:: WHAT NEEDS TO BE DONE ::
Below is a listing with pictures in it; transcribe exactly the lines from the one that has "Download cars wallpapers" through the one that has "coloursimulation.jpg", and omit those pictures.

:: EXTRACTED MATERIAL ::

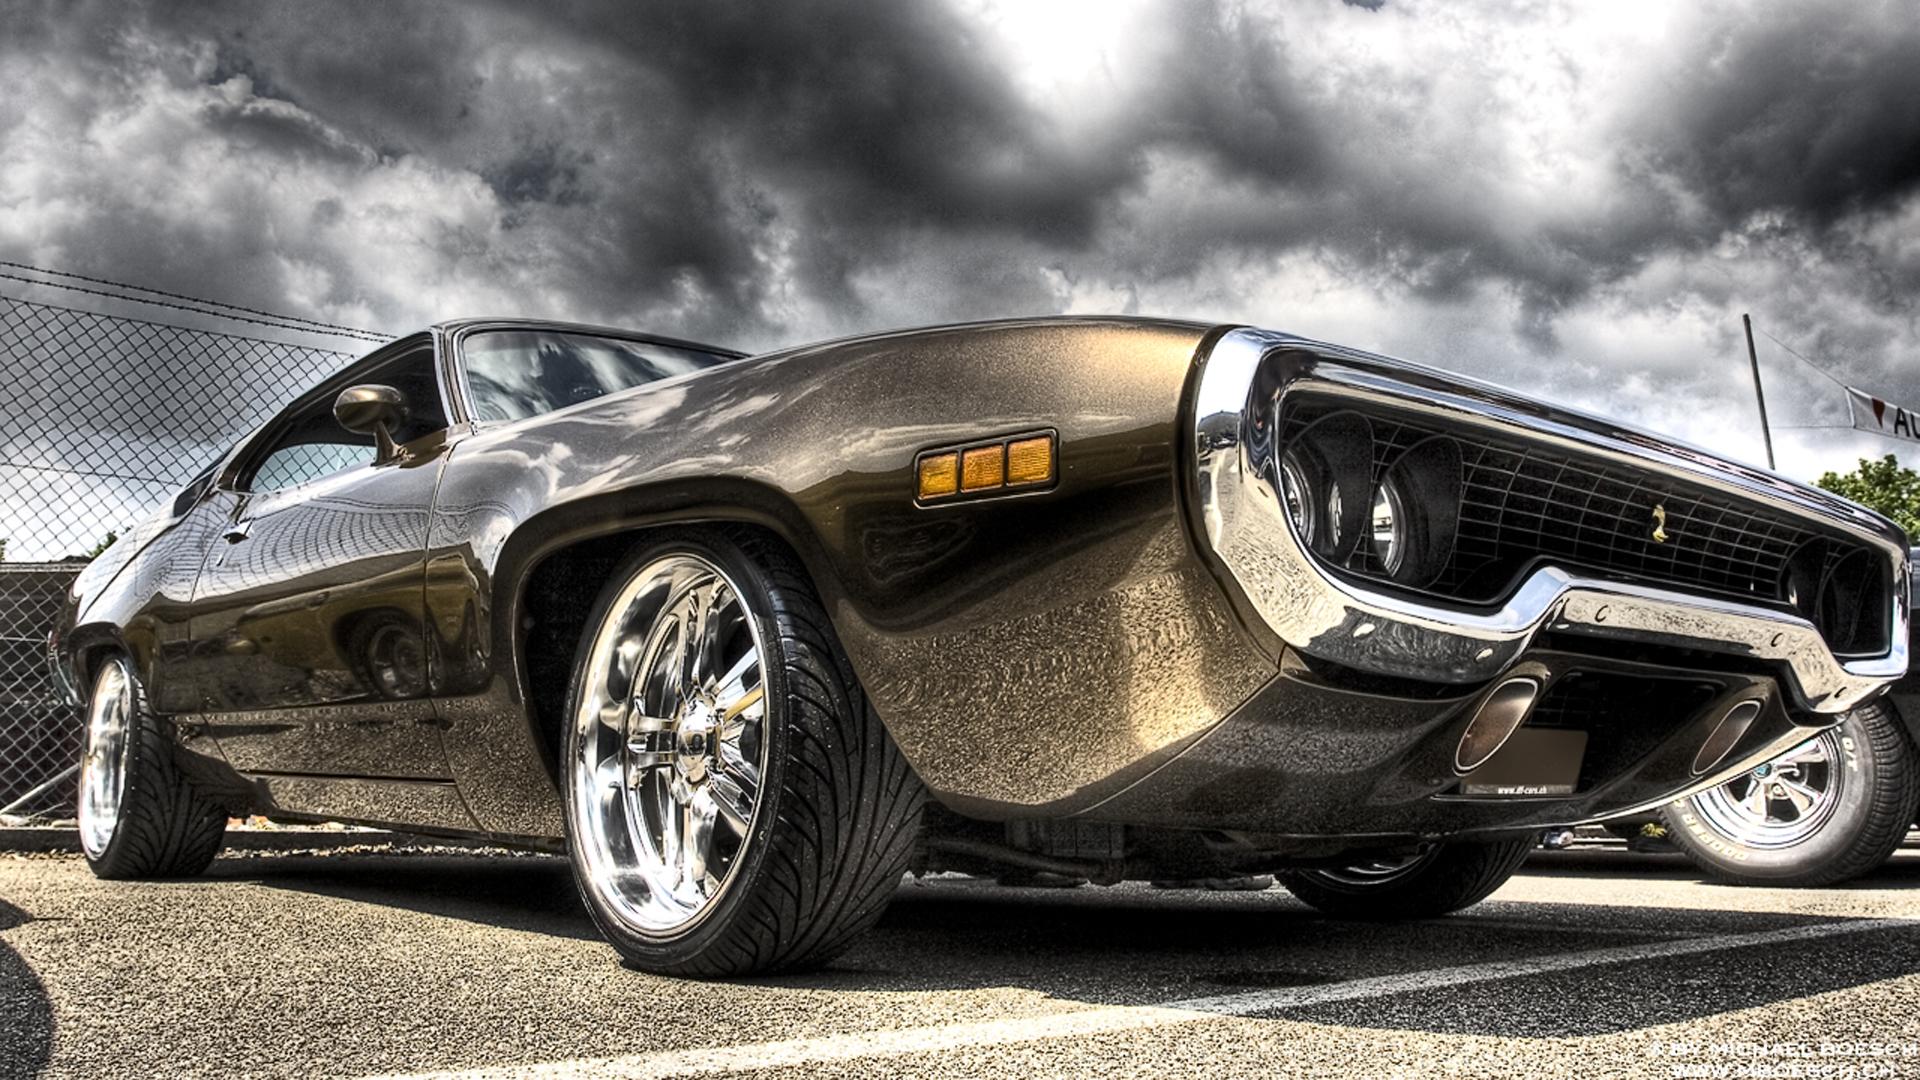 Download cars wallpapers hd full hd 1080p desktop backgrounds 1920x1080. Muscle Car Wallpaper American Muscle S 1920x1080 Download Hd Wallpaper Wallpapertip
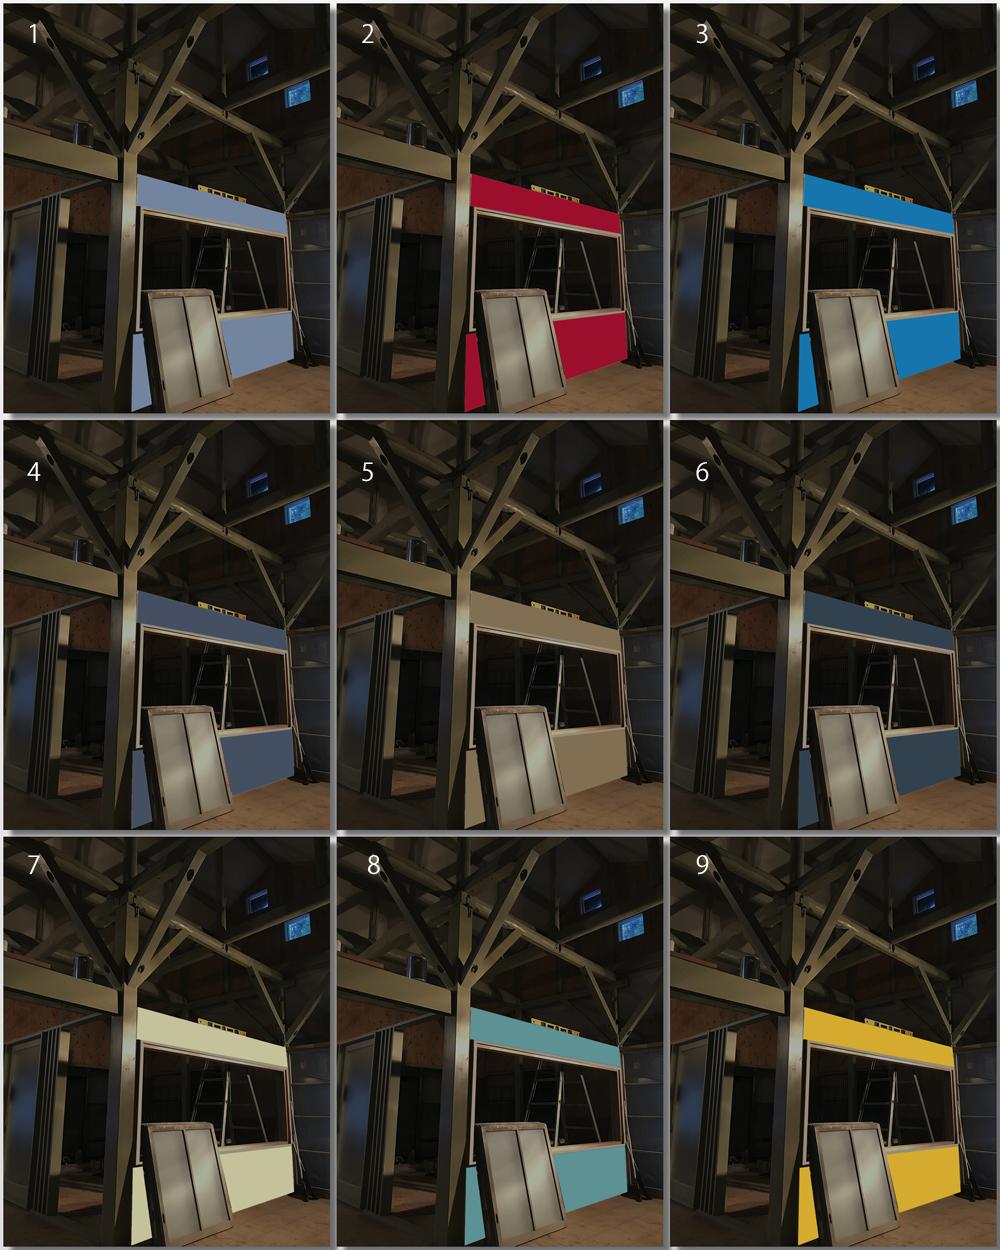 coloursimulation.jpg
...
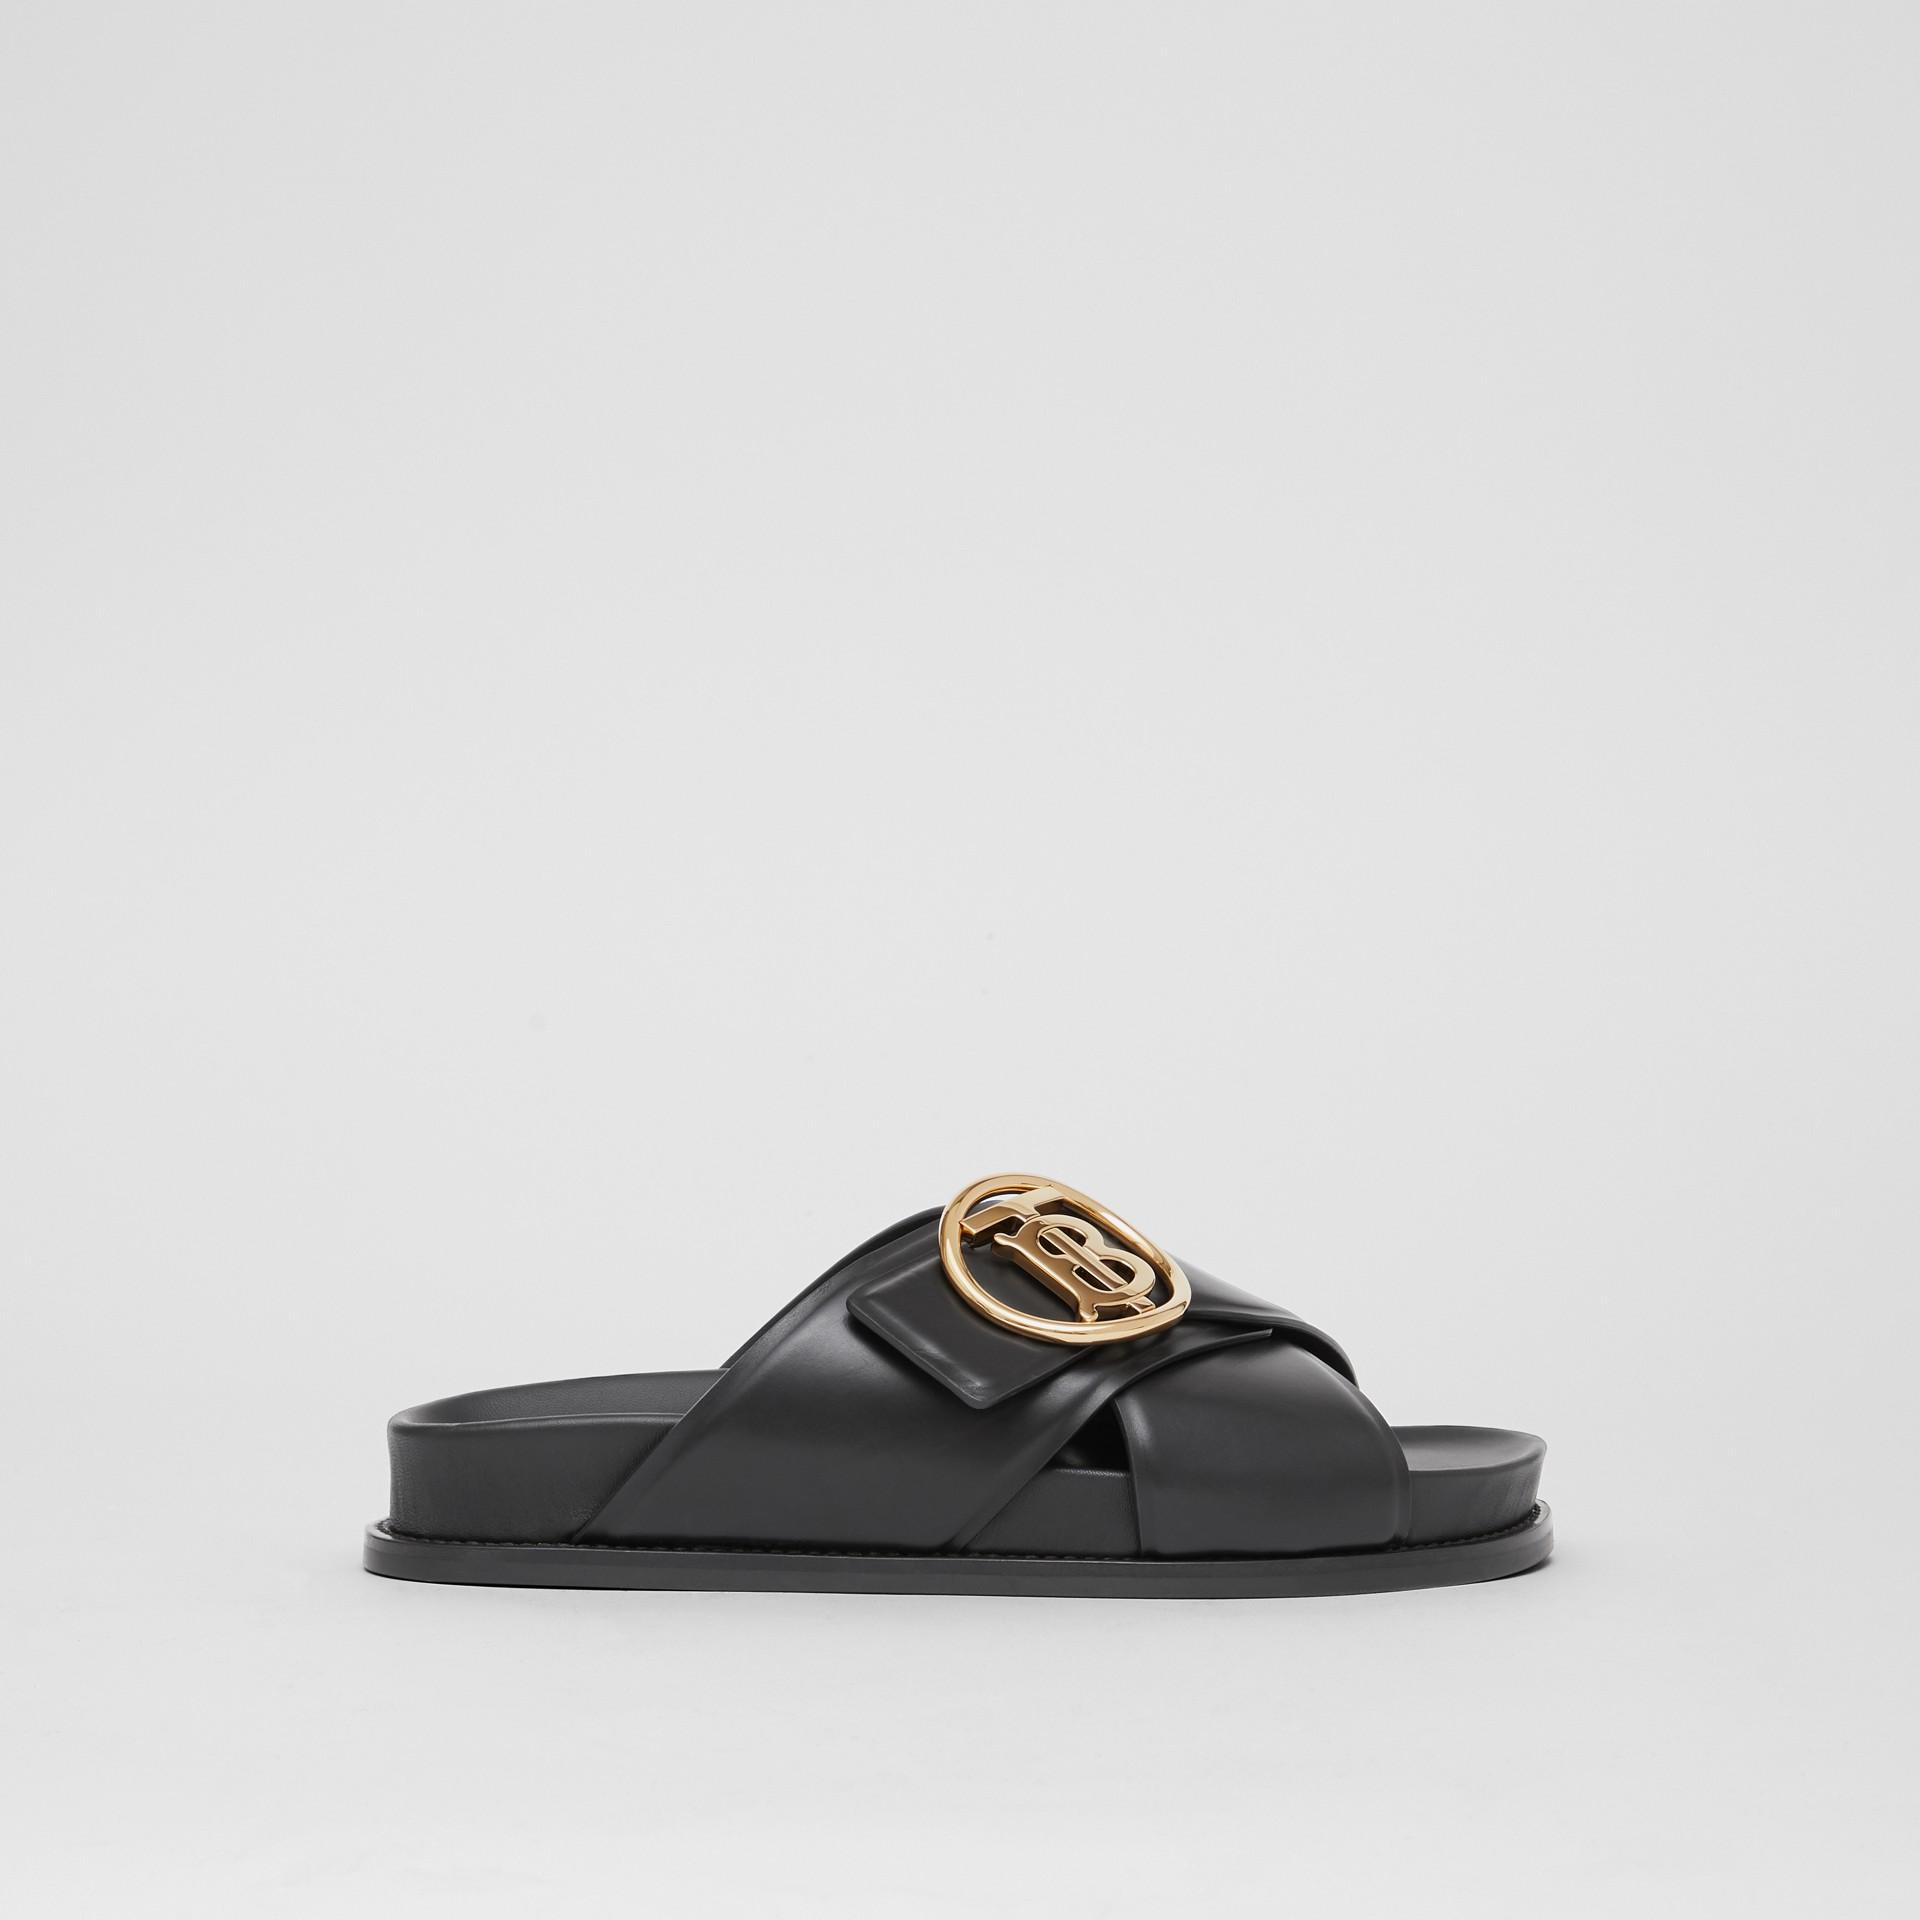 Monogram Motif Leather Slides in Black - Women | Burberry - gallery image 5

:: RESULT OF THIS TASK ::
 Download cars wallpapers hd full hd 1080p desktop backgrounds 1920x1080. Muscle Car Wallpaper American Muscle S 1920x1080 Download Hd Wallpaper Wallpapertip
 coloursimulation.jpg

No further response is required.